Fernando Lafaiete 23/10/2024REPARAÇÃO - IAN MCEWAN: PERFEITO EM CONCEPÇÃO E EXECUÇÃO?******************************NÃO contém spoiler********************************
Concorrente do Booker Prize de 2021 e considerada uma das principais obras do século XXI pelo The New York Times, Reparação de Ian McEwan é uma experimentação de técnicas narrativas cognitivas, onde há a preocupação exacerbada da consciência humana e seus derivados comportamentais. Sendo uma obra de cunho psicológico e reflexivo sobre relações humanas e as consequências de comportamentos, percepções e reações do que é visto, revisto e imaginado.
Com profundas descrições, o autor nos mostra um domínio artístico quase que impecável, que nos fisga e nos imerge em um romance peculiar, onde personagens e cenários tomam vida transcendendo as camadas imaginativas do leitor, como se fôssemos quase que personagens secundários e não só meros observadores.
Mas qual o propósito explanativo de Reparação? Apresentando uma estranha reunião familiar repleta de desconexões emotivas, McEwan nos agracia com personagens complexas e tridimensionais; e é com as mesmas que conhecemos a tríade do romance – Briony Tallis, a irmã caçula, Cecília Tallis, a irmã mais velha e Robbie Turner, o irmão de criação – e será através deste trio que nos deparamos com um crime e as consequências de uma mentira que irá perpetuar ao longo dos anos e que deixará cicatrizes psicológicas quase que irreversíveis. Explicitando assim, o significado denominativo do título e o real significado da obra: a importância de expiarmos nossas emoções e sabermos nos reconciliarmos conosco, com os outros e com nosso passado.

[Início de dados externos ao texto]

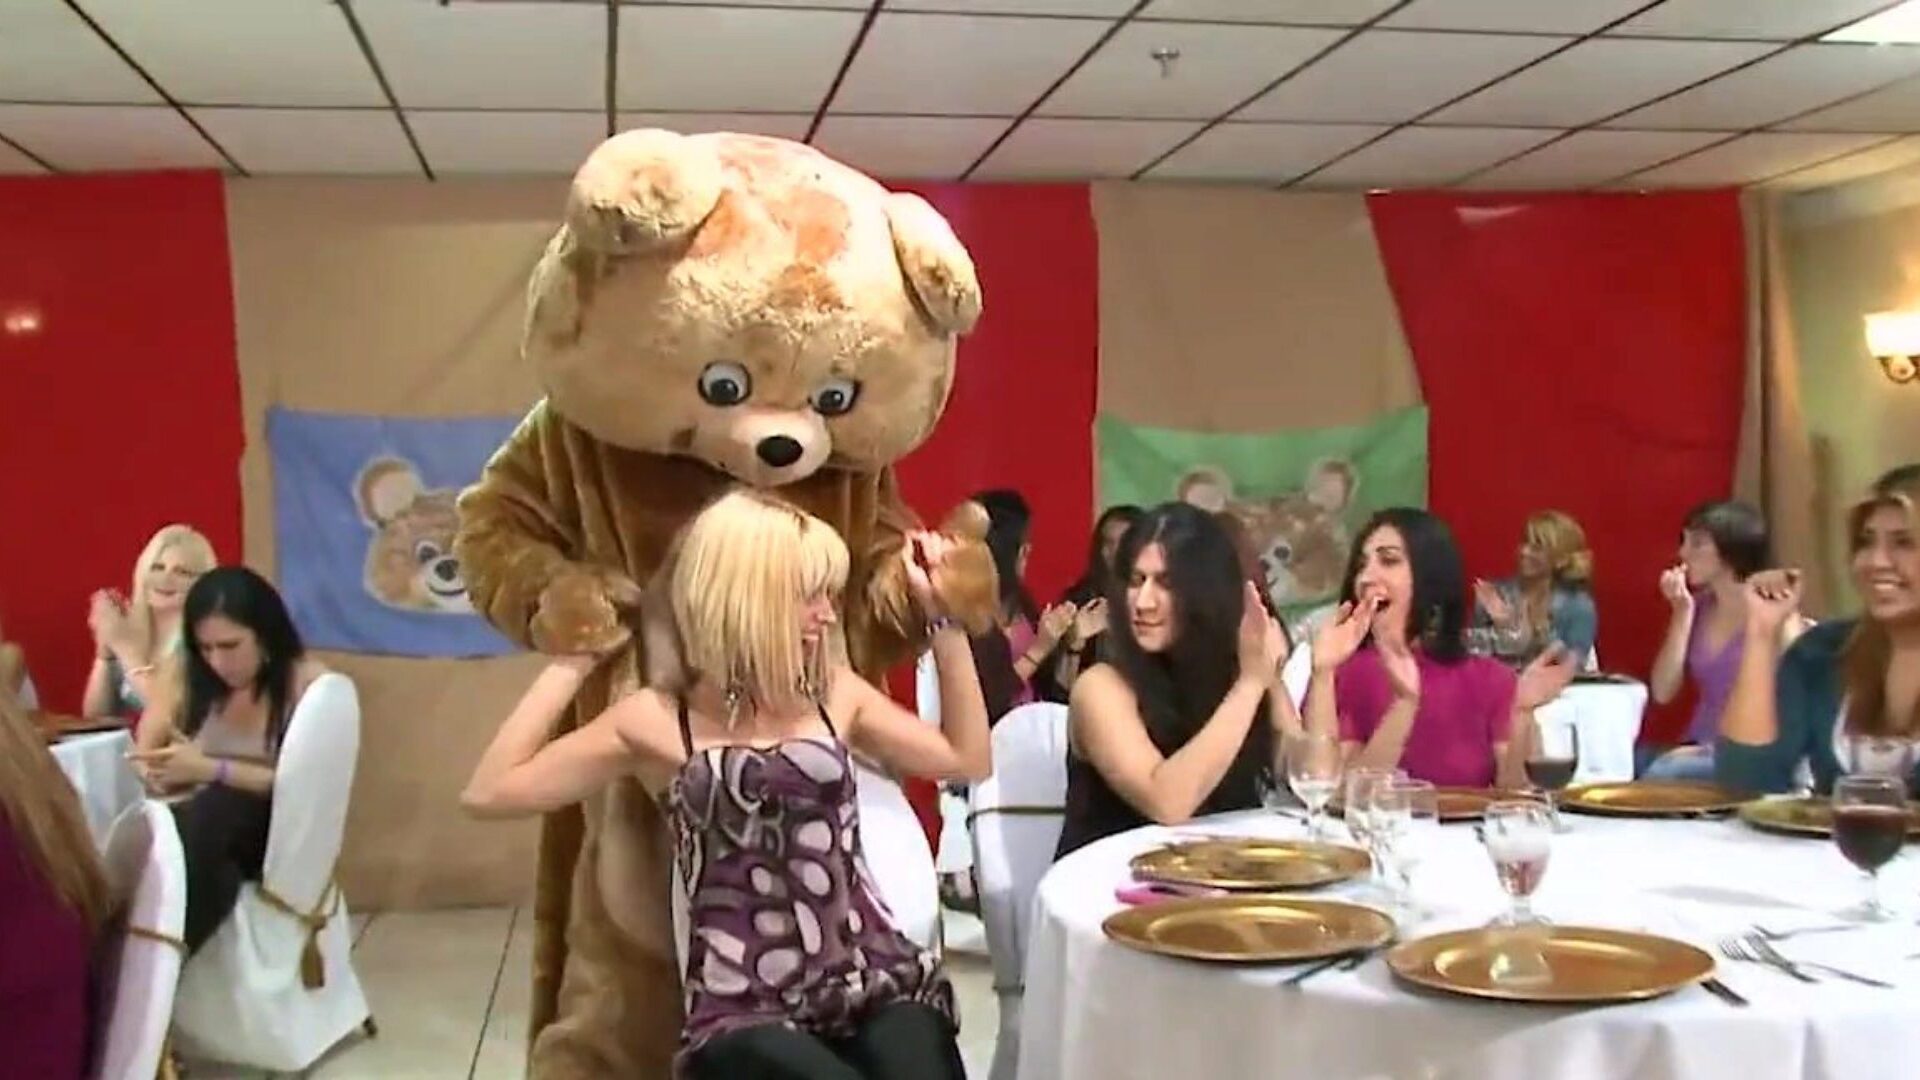 dansende bjørn - cfnm fest med store pik mandlige strippere og liderlige piger
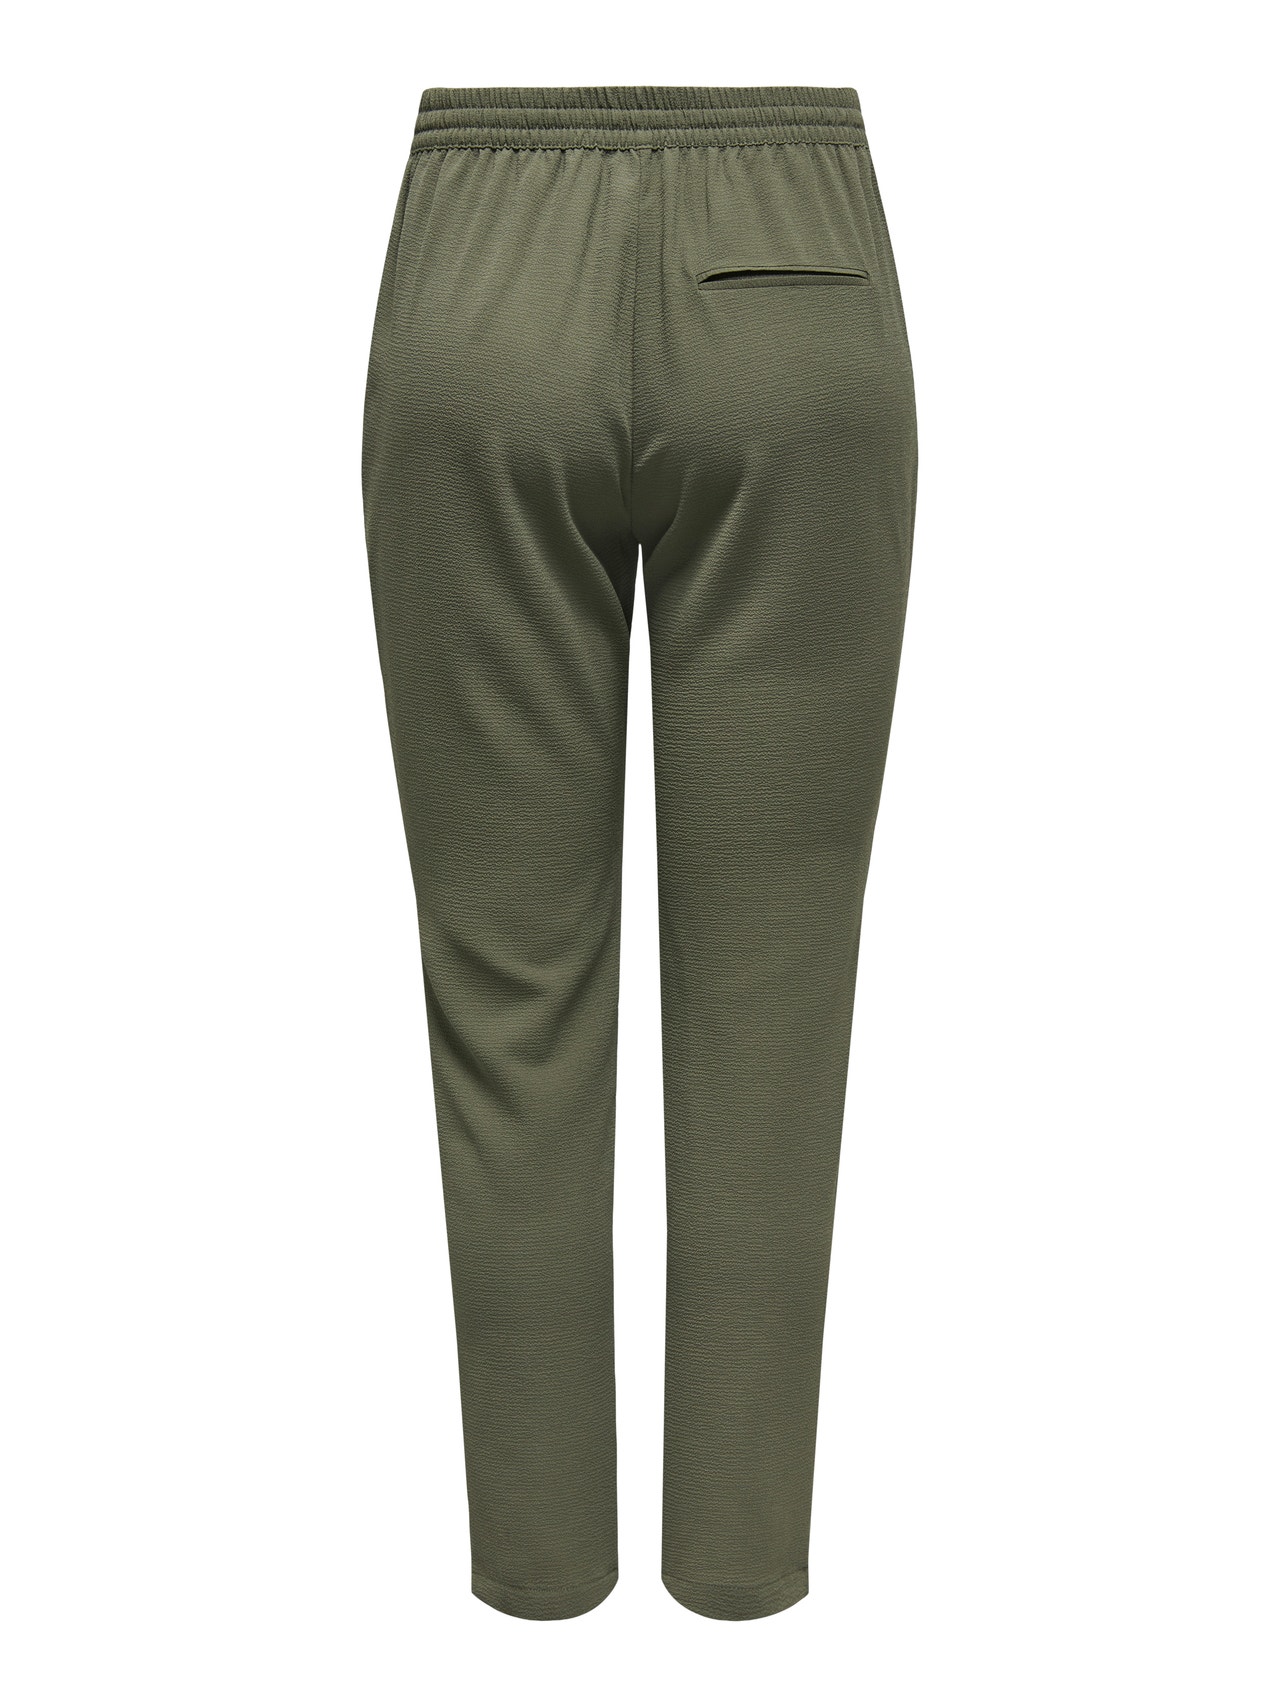 ONLY Klassiske bukser med bindebånd i taljen -Kalamata - 15222231

“[...] ela aprendeu uma coisa simples e óbvia que sempre soubera, e que todos sabiam: uma pessoa é, acima de tudo, uma coisa material, fácil de danificar e difícil de consertar. [...]”
Reparação não trata-se de ser perfeito e imune a críticas. Trata-se de um romance espetacular que vai além da ficção e que deveria ser considerado uma leitura quase que obrigatória. Não me surpreende que seja considerado entre críticos especializados e renomados escritores, uma obra-prima. Sua excelência é gritante no que o tange como um clássico moderno e que o faz superar e se destacar até mesmo em suas imperfeições.
E o que sentimos ao terminá-lo? Ah caros leitores.... não consigo explicitar sentimentos e opiniões que nem mesmo eu entendo. Não consigo predizer o que você sentirá. Mas posso afirmar que o desfecho eleva ainda mais a genialidade de Ian McEwan, que consegue subverter até mesmo nossas percepções. Que consegue nos suscitar dúvidas. Que consegue nos deixar pensativos para além do que nos foi dito. No que acreditar e no que questionar? Obras como essa nos eleva como leitores e preenche nossos intelectos. Nos mostra que o poder de uma boa narrativa pode estar onde nós menos esperamos. Se o senso artístico se materializasse, Reparação poderia ser sua representação perfeita.